▶ [INFORMATION PROVIDED]
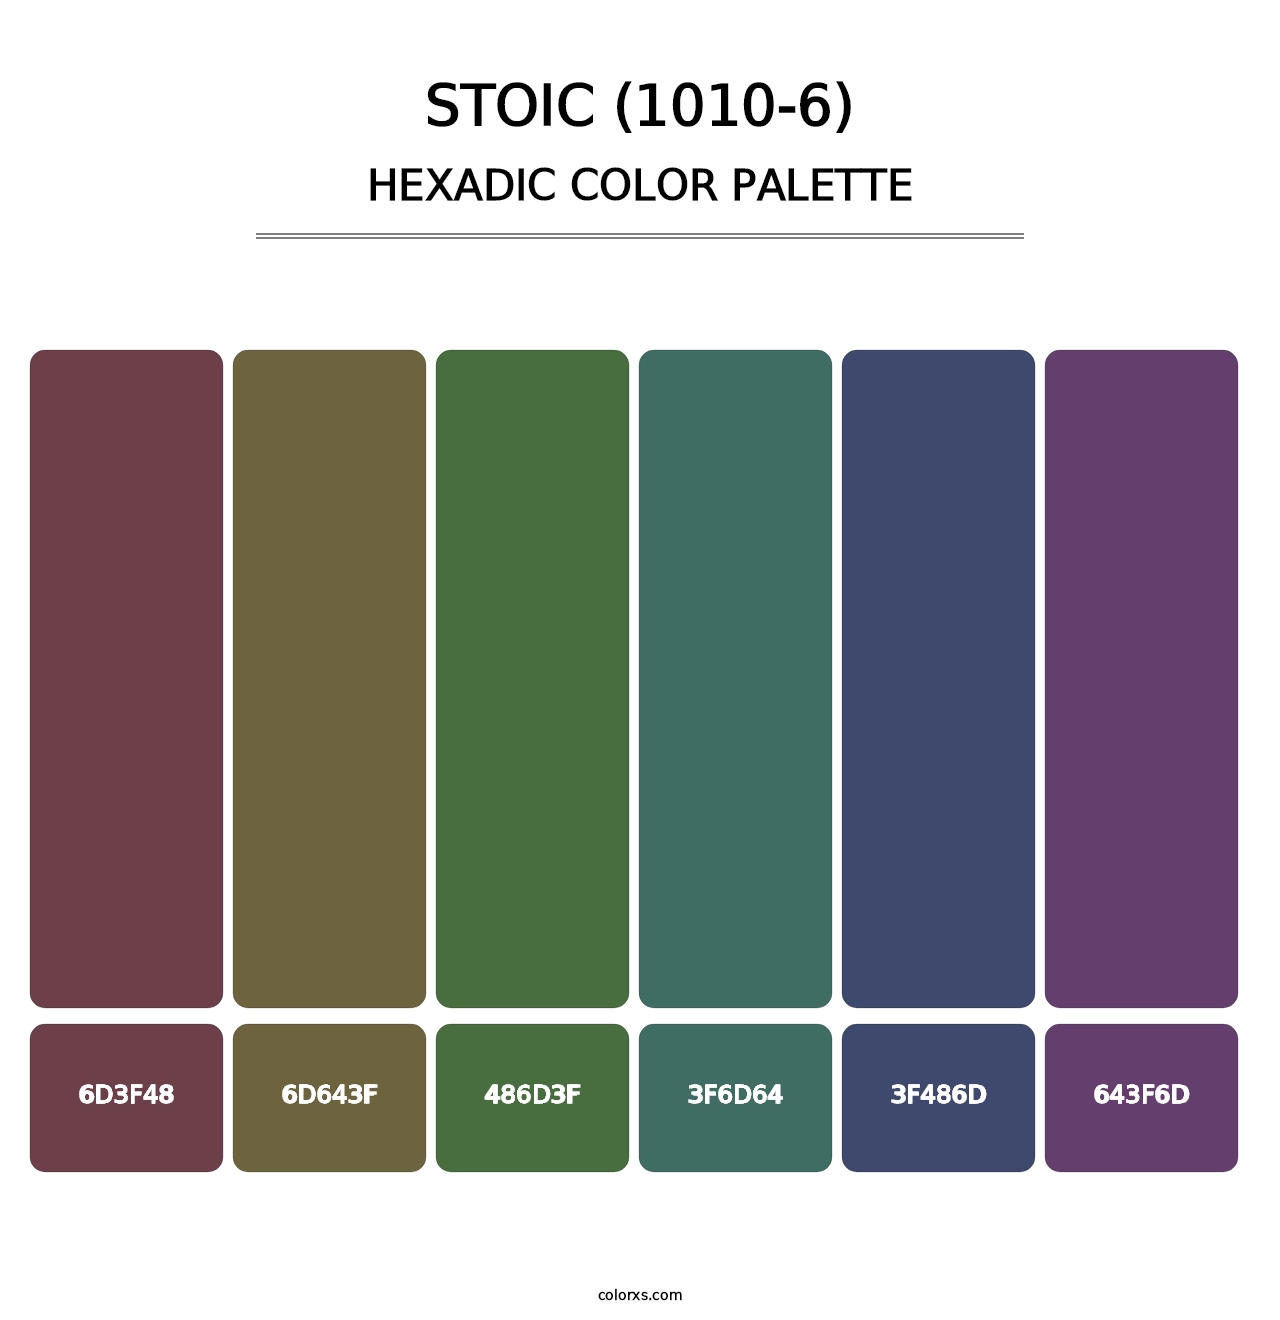 Stoic (1010-6) - Hexadic Color Palette
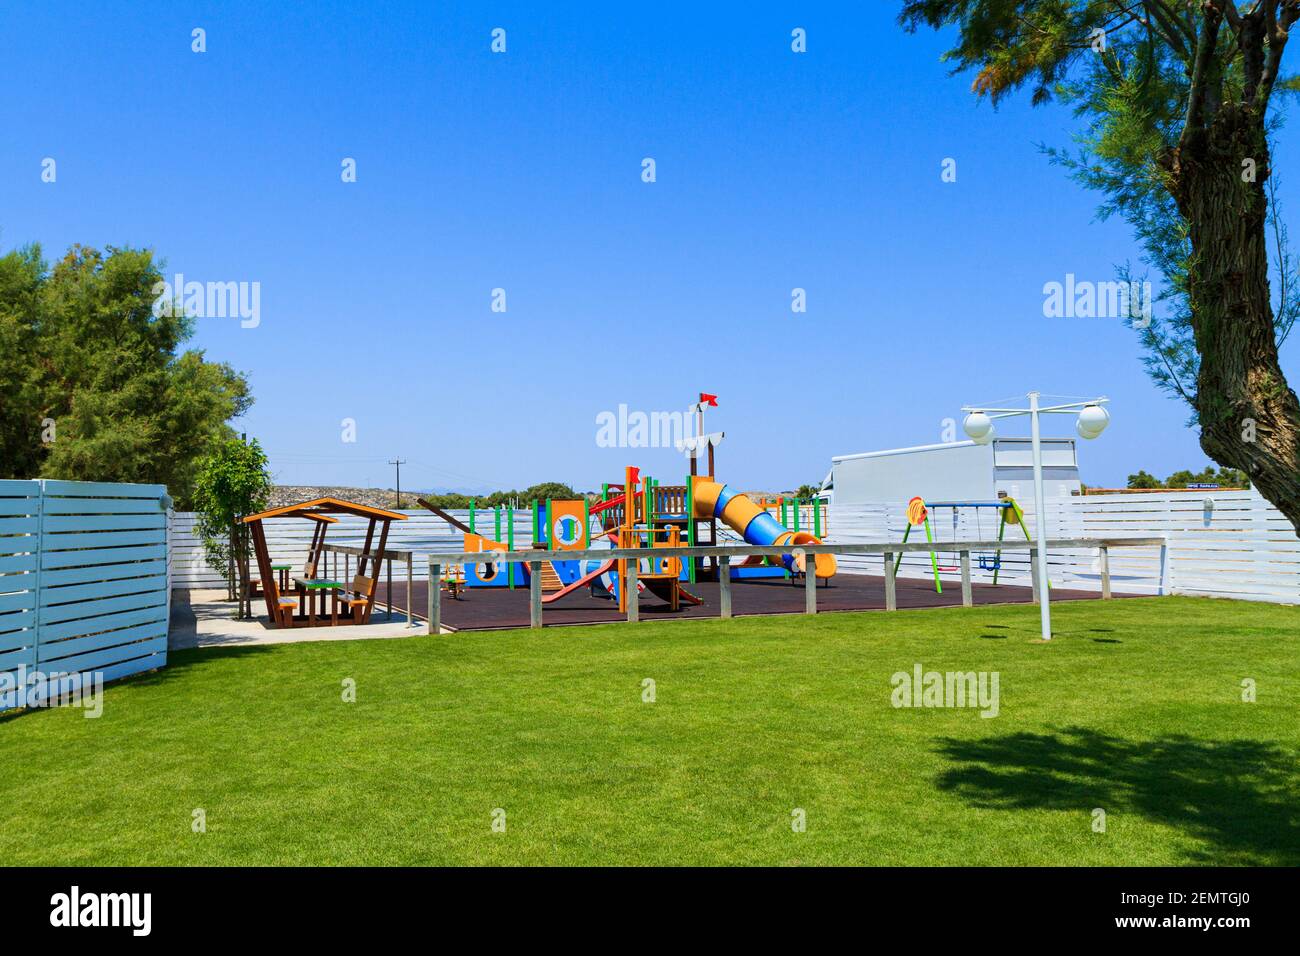 Children's wooden playground recreation area at public park Stock Photo
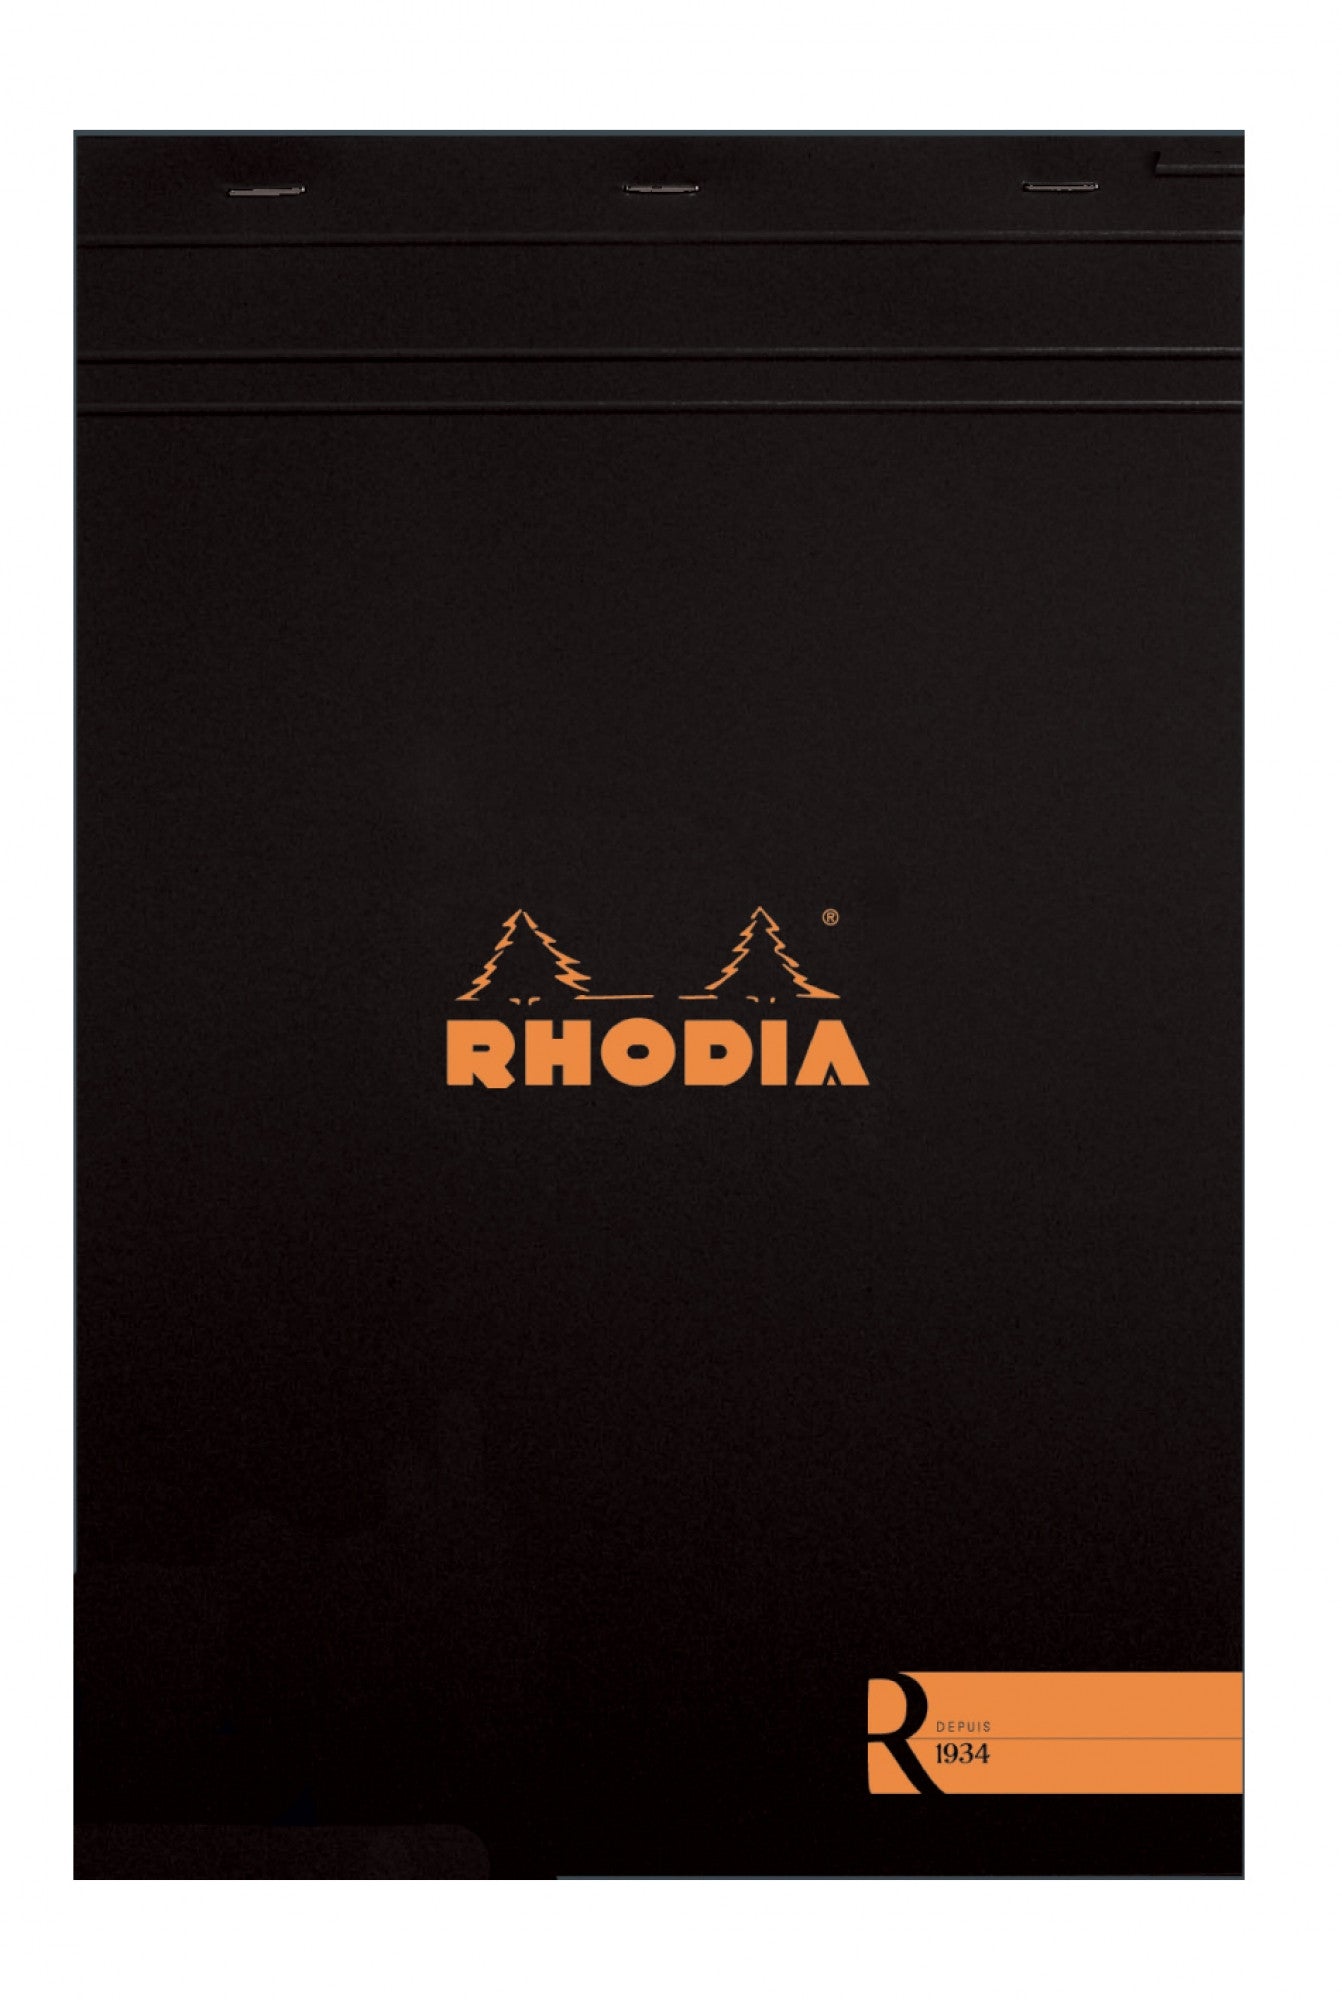 Rhodia R #18 Black

▶ [TASK DESCRIPTION]
Copy each line above precisely, dropping the pictures.

▶ [RESULT]
 Stoic (1010-6) - Hexadic Color Palette
 Children's wooden playground recreation area at public park Stock Photo
 Rhodia R #18 Black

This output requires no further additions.